Billings Gazette: Montana families could begin receiving direct child payments this week

by Tom Lutey

More than 100,000 Montana families with children could begin receiving monthly child tax credit payments as early as Thursday under a broad plan to support all but America’s richest families.

It’s estimated that the monthly payments, $300 for each child younger than age 6 and $250 for children ages 6 to 17, will reduce American child poverty by half. From July through December, there will be monthly payments. Come tax season next spring, parents can file for a lump sum payment covering the first six months of 2021.

“If parents are responsible, and they use the money in the right way, it means they’re going to get that breakfast in the morning that maybe they weren’t getting before,” said U.S. Sen. Jon Tester, who supported the tax credit in the American Rescue Plan. “It means parents are going to have a little more flexibility to be with their kids and maybe not have to work that overtime shift.”

There should be about 110,000 Montana tax filers who qualify. That’s based on the number of individuals and couples who claimed the “child and other dependent” tax credit on their federal tax return for tax year 2018. The Montana Department of Revenue provided the data at June’s end.

However, not everyone is set up to receive direct electronic payments from the IRS. Only 56% of the Montanans file taxes electronically, reports DOR’s Czelsi Gómez.

Even a family that didn’t pay income tax in 2020 qualifies for the credit, though they will have to get on the IRS radar, which means filing a 2020 tax return even if they have no income to claim. For parents who weren’t required to file a 2020 tax return but want to receive the child tax credit, there is an online IRS tool at: www.irs.gov/credits-deductions/child-tax-credit-non-filer-sign-up-tool.

It will take some work for some people to fully participate. That’s one of the things the nonprofit Montana group Zero to Five is focused on. Parents can sign up and begin thinking about ways the tax credit can benefit families, perhaps by the working with other child-specific programs being rolled out this year.

“The tax credit is universal. So, it will help a lot of children get out of poverty, but it will also help a lot of families who are just on that edge of not being able to qualify for public assistance, but are also not really making a lot.
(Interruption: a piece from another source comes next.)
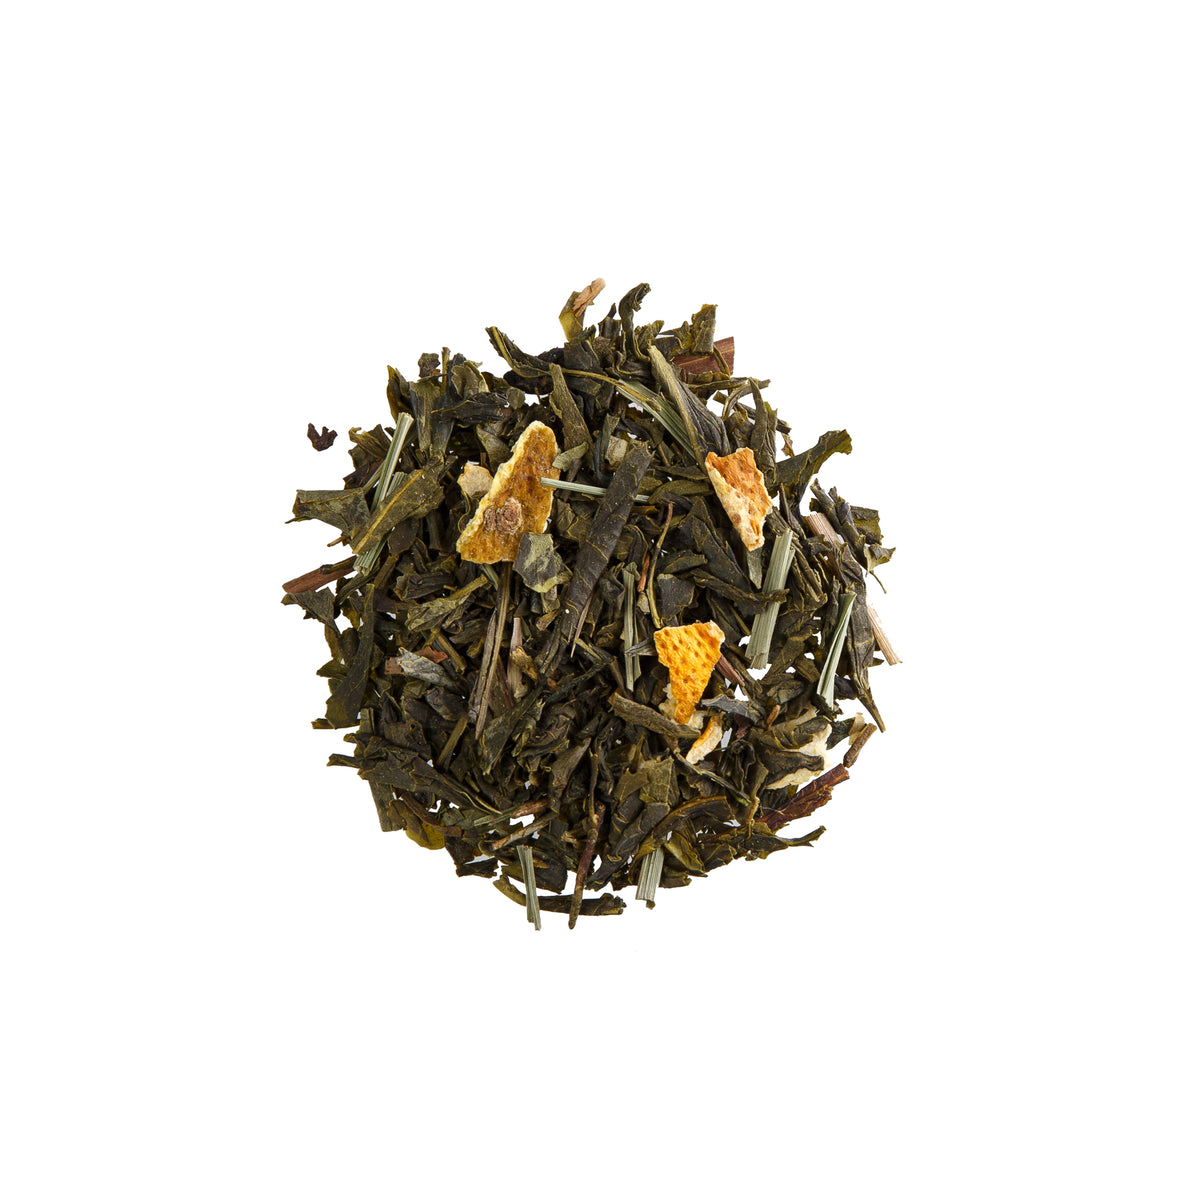 Primary Image of Sunrise Lemon Sencha Green Tea

It’s such a fragile point. So, hopefully this adds a little stability to family financials,” said Caitlin Jensen of Zero to Five.

The group’s name refers to its focus on improving a child’s life from healthy pregnancies to school readiness. A big part of that focus is affordable child care, which is also a focus of Congress and the president in the first six months of President Joe Biden’s administration.

The American Rescue Plan included credits to pay for child care for children younger than 13 whenever parents are working or looking for work. Babysitters, center-based child care, even child care services offered by relatives living outside the tax household are covered. A family that keeps receipts to show what it’s paid for should qualify. Earlier in the year, most families also received a direct payment of $1,400 per child.

Montana may spend as much as $31 million on grants to expand child care services using federal dollars from the American Rescue Plan. There will likely be more child care investment in the second phase of the Biden infrastructure plan, which would include money for pre-kindergarten, something Montana has struggled with. The state is woefully short on child care providers. A problem before the pandemic, the shortage in child care workers has only become worse.

“The pandemic really highlighted the importance of this sector. It was hard for first responders and health care workers to go to work because it’s hard to have a child care arrangement. It really highlighted the important backbone the industry plays” said Rob Grunewald, an economist with the U.S. Federal Reserve of Minneapolis, which covers a portions of six states, including Montana.

The Minneapolis Fed started studying child care in the early 2000s after it realized the extent to which child care influenced the economy. Child care did so in two ways. First by affecting a parent’s ability to work and the amount of family income. Secondly, quality child care that put children on a learning path before they reached public school, also resulted in children getting better jobs with better income as adults, which improved the region’s economy.

It’s notable that early in the pandemic, The City of Billings converted its public library to a free child care center for the school-aged children of “essential workers” from the city’s two hospitals and county health clinic. The decision speaks to the scarcity to which Grunewald referred.

Jensen said Zero to Five and other collaborators are working on a cooperative model to create reliable child care in the area where businesses, parents and other groups are too small in number to go it alone. The approach is one Tester commented on, as well, suggesting that the Montana Cooperative Development Center has what it takes to bring a co-op model to child care.

“It’s a natural fit. We see in a lot of small communities where they need a grocery store, and people get together and set up a co-op instead of a grocery store. It’s the same thing,” Tester said. “You’ve got a bunch of small businesses, micro businesses that need child care for their employees, because it could be an incredible recruitment tool. I think they can combine their efforts through a pretty non-complicated co-op structure where they could they could get that thing done.”